| Given information |
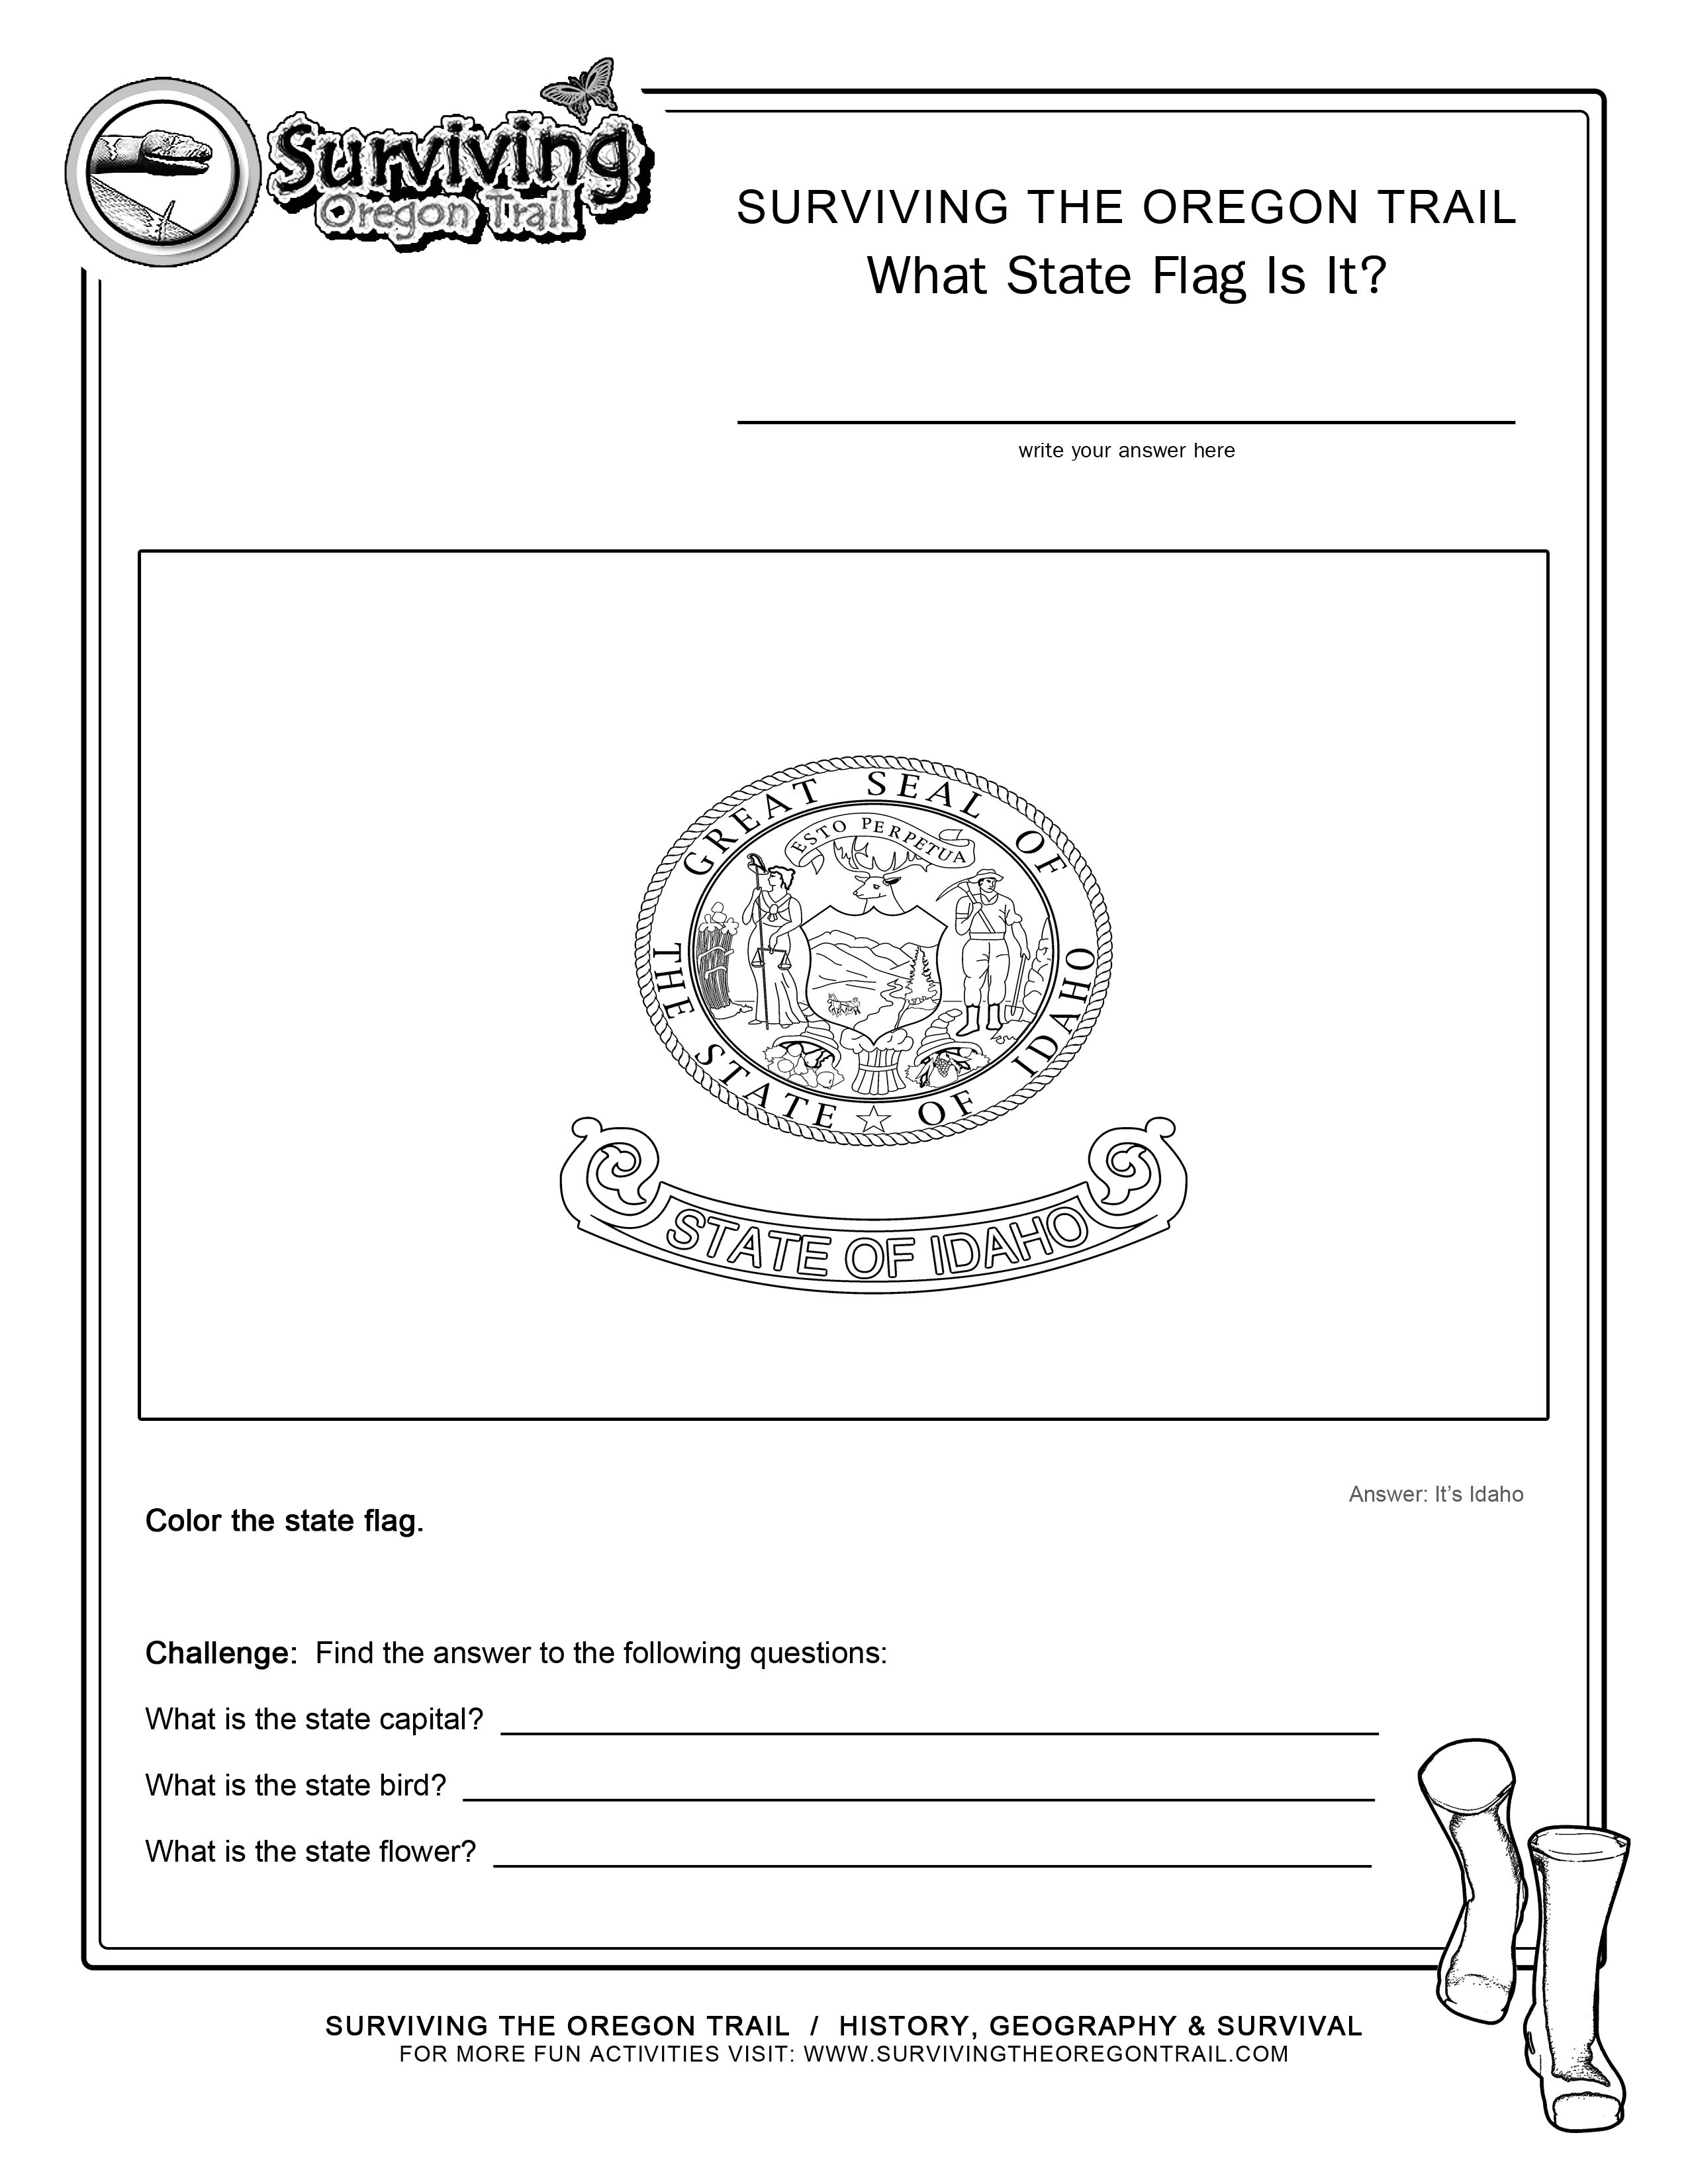 Coloring Page State Flag Idaho Printable Worksheet – Surviving The - Free Printable Arkansas History Worksheets
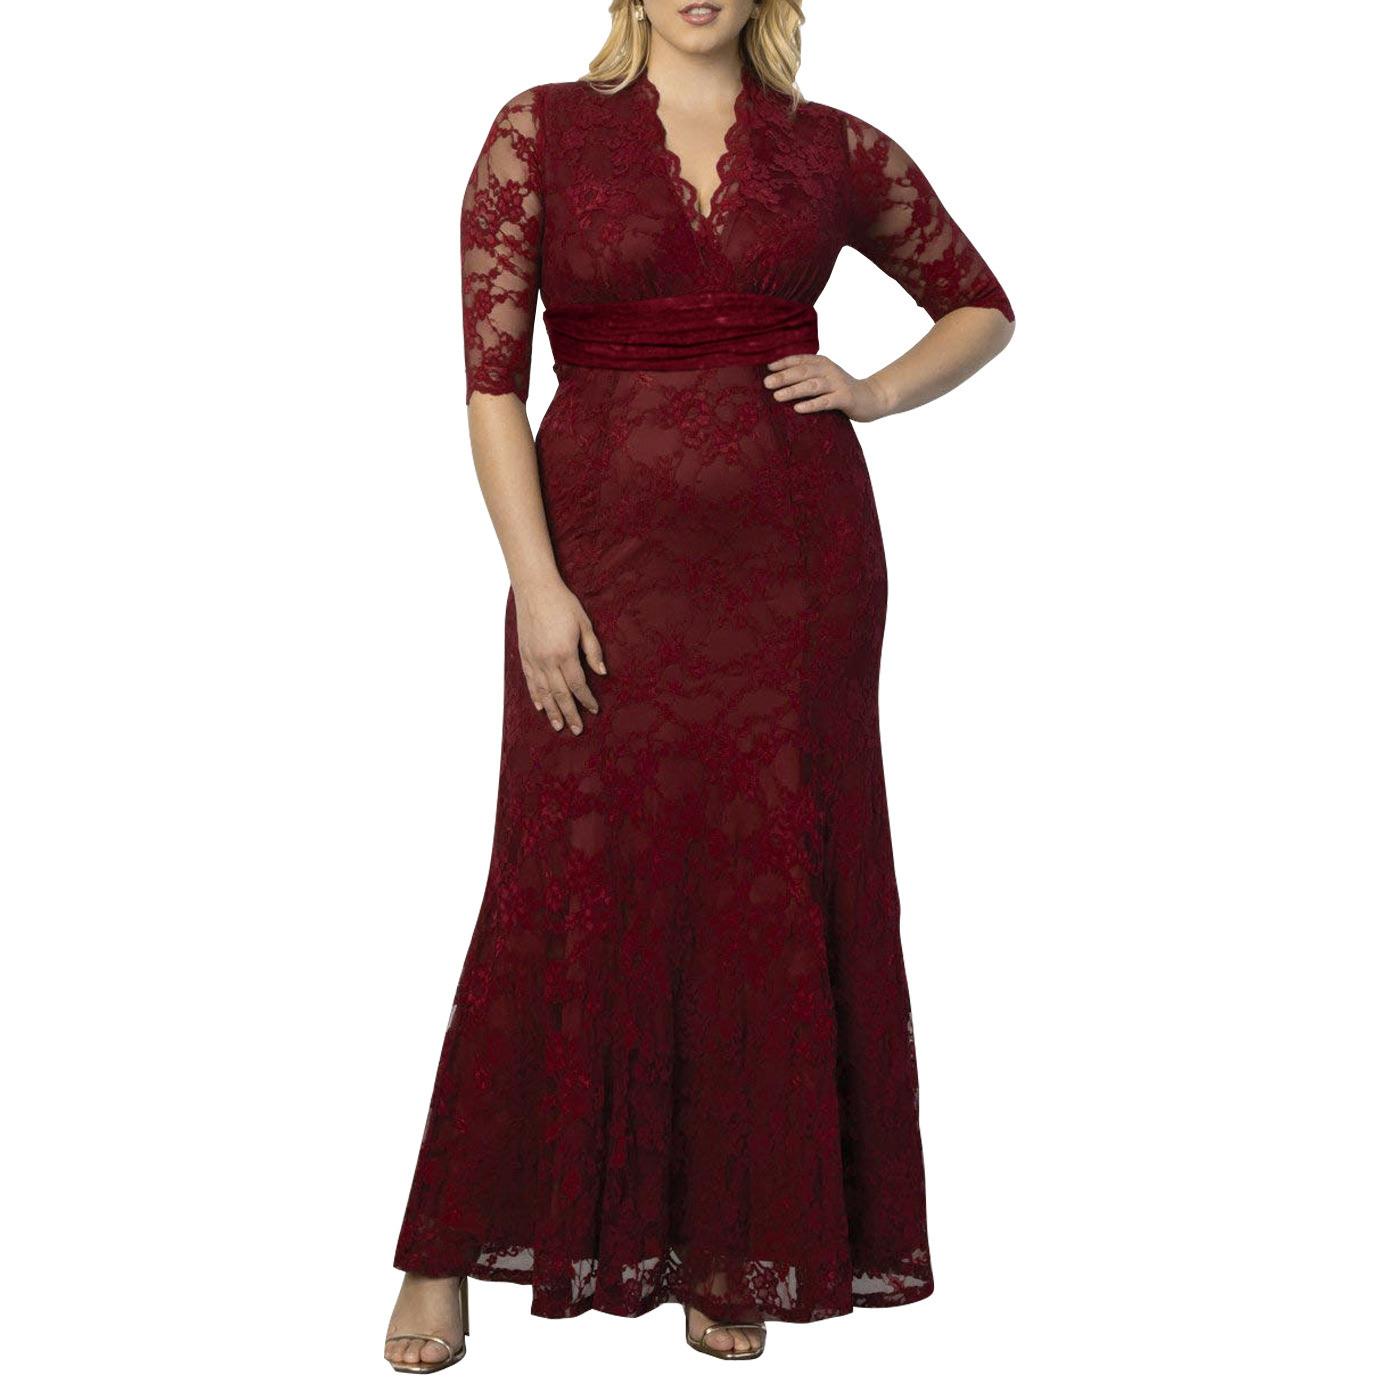 17 Elegant About You Abendkleid Blau Ärmel Genial About You Abendkleid Blau für 2019
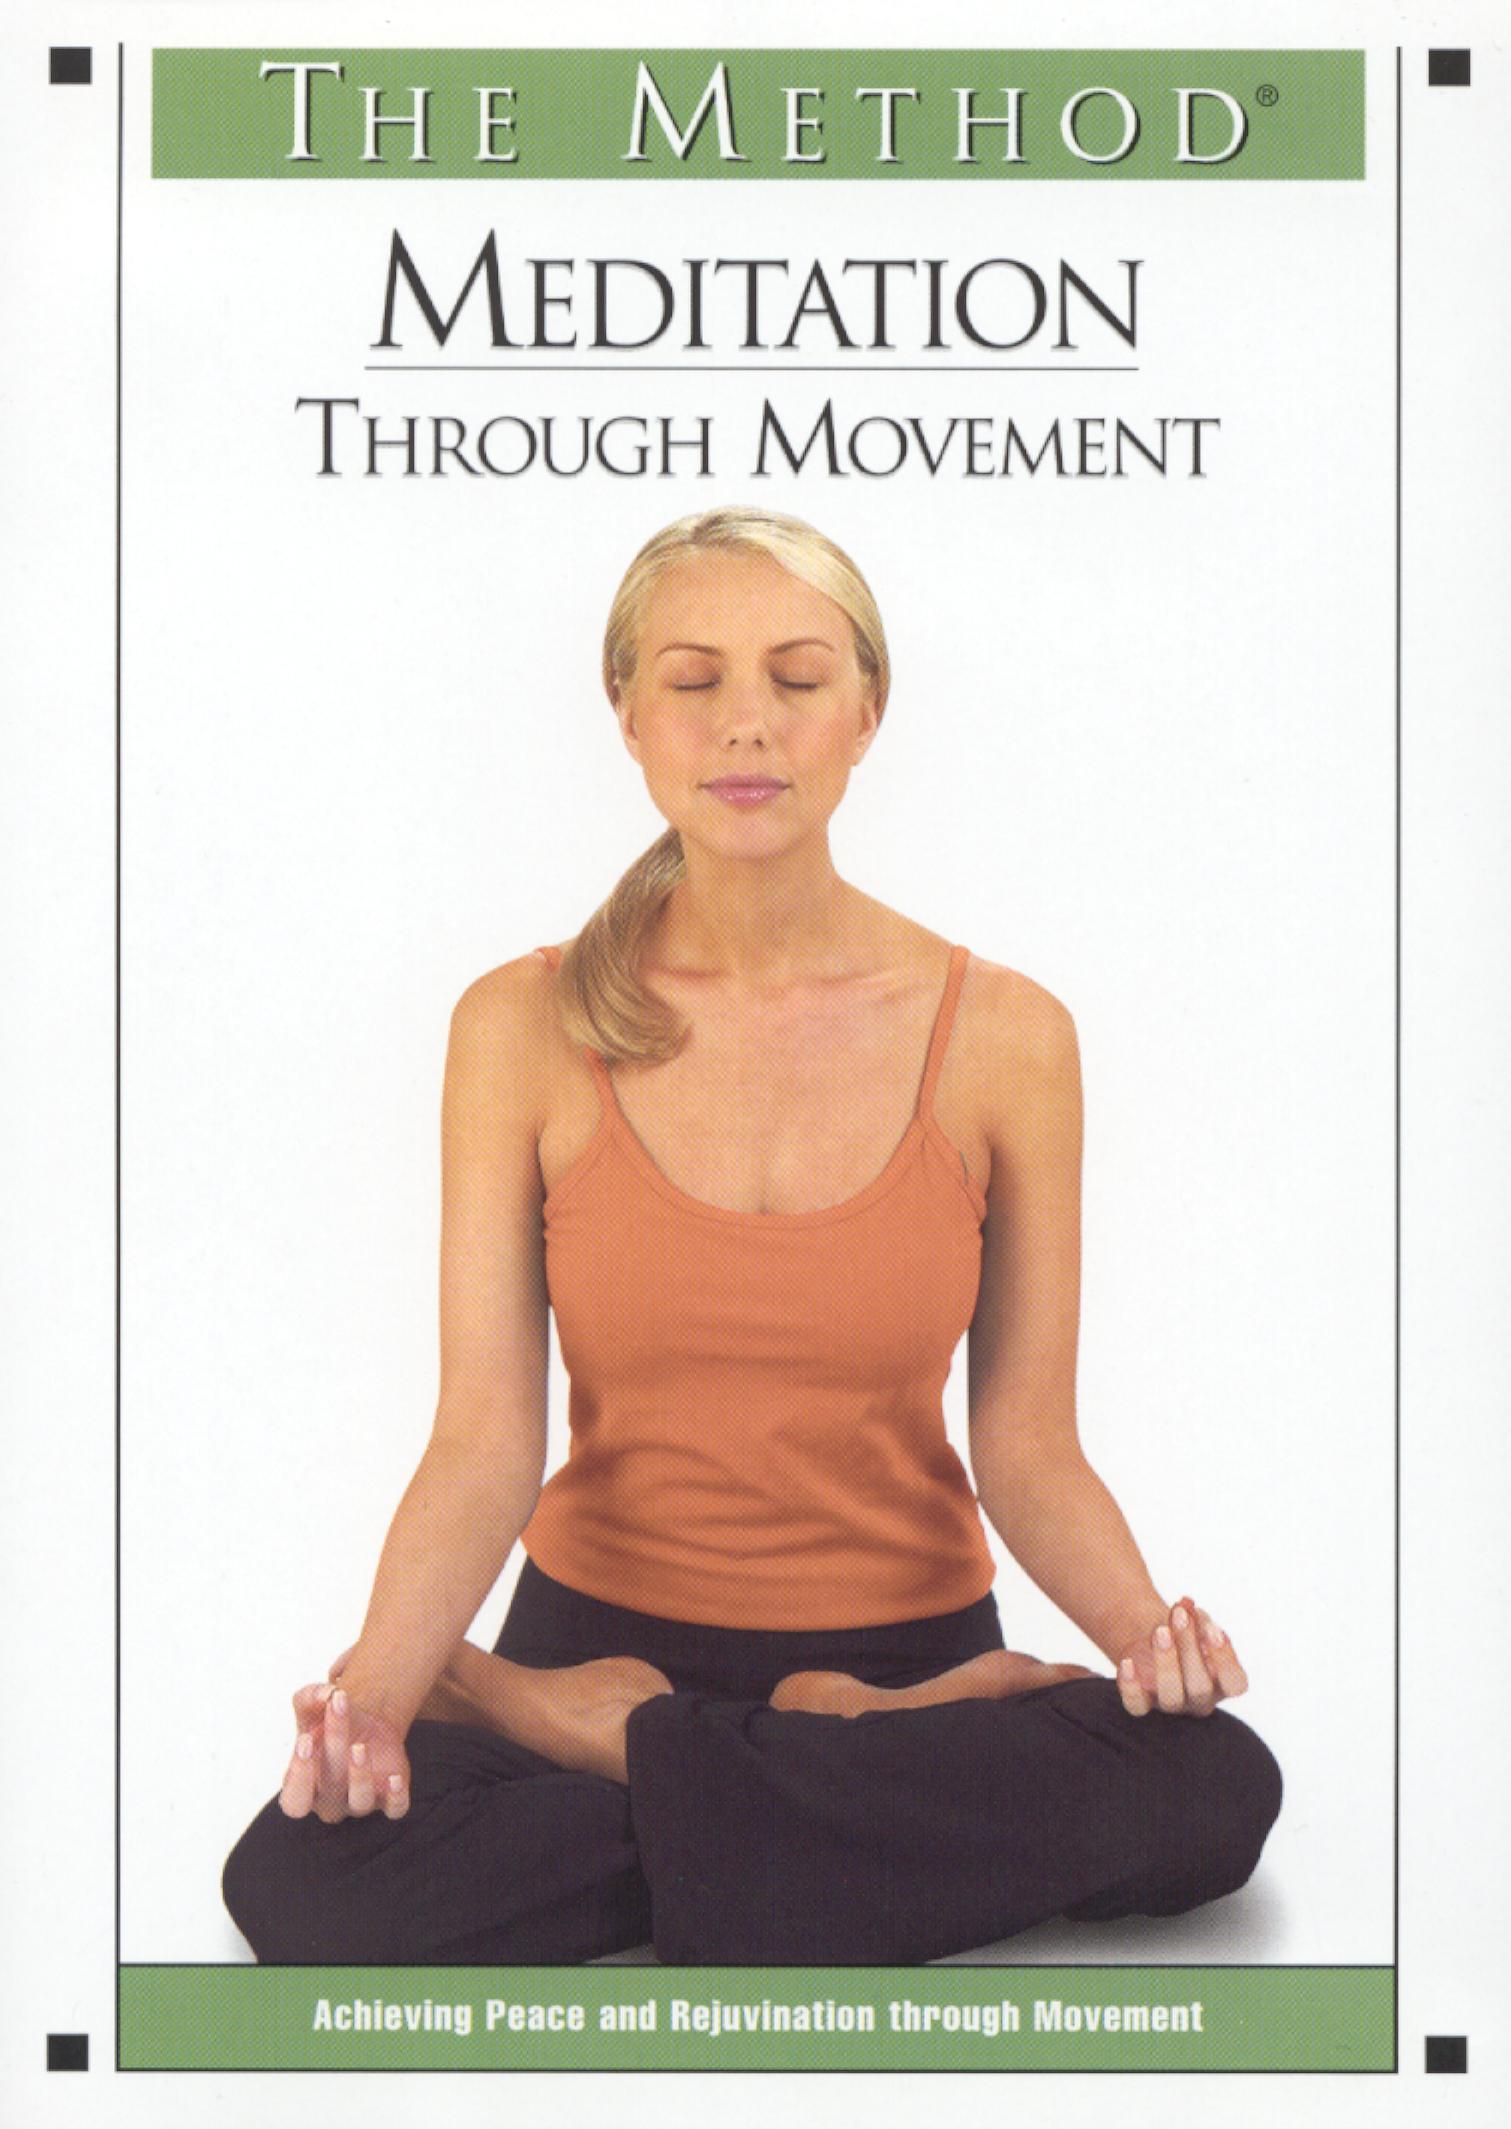 The Method: Meditation Through Movement

| Task objective |
Without the pictures, give every line above again exactly.

| Response to the task |
 Coloring Page State Flag Idaho Printable Worksheet – Surviving The - Free Printable Arkansas History Worksheets
 17 Elegant About You Abendkleid Blau Ärmel Genial About You Abendkleid Blau für 2019
 The Method: Meditation Through Movement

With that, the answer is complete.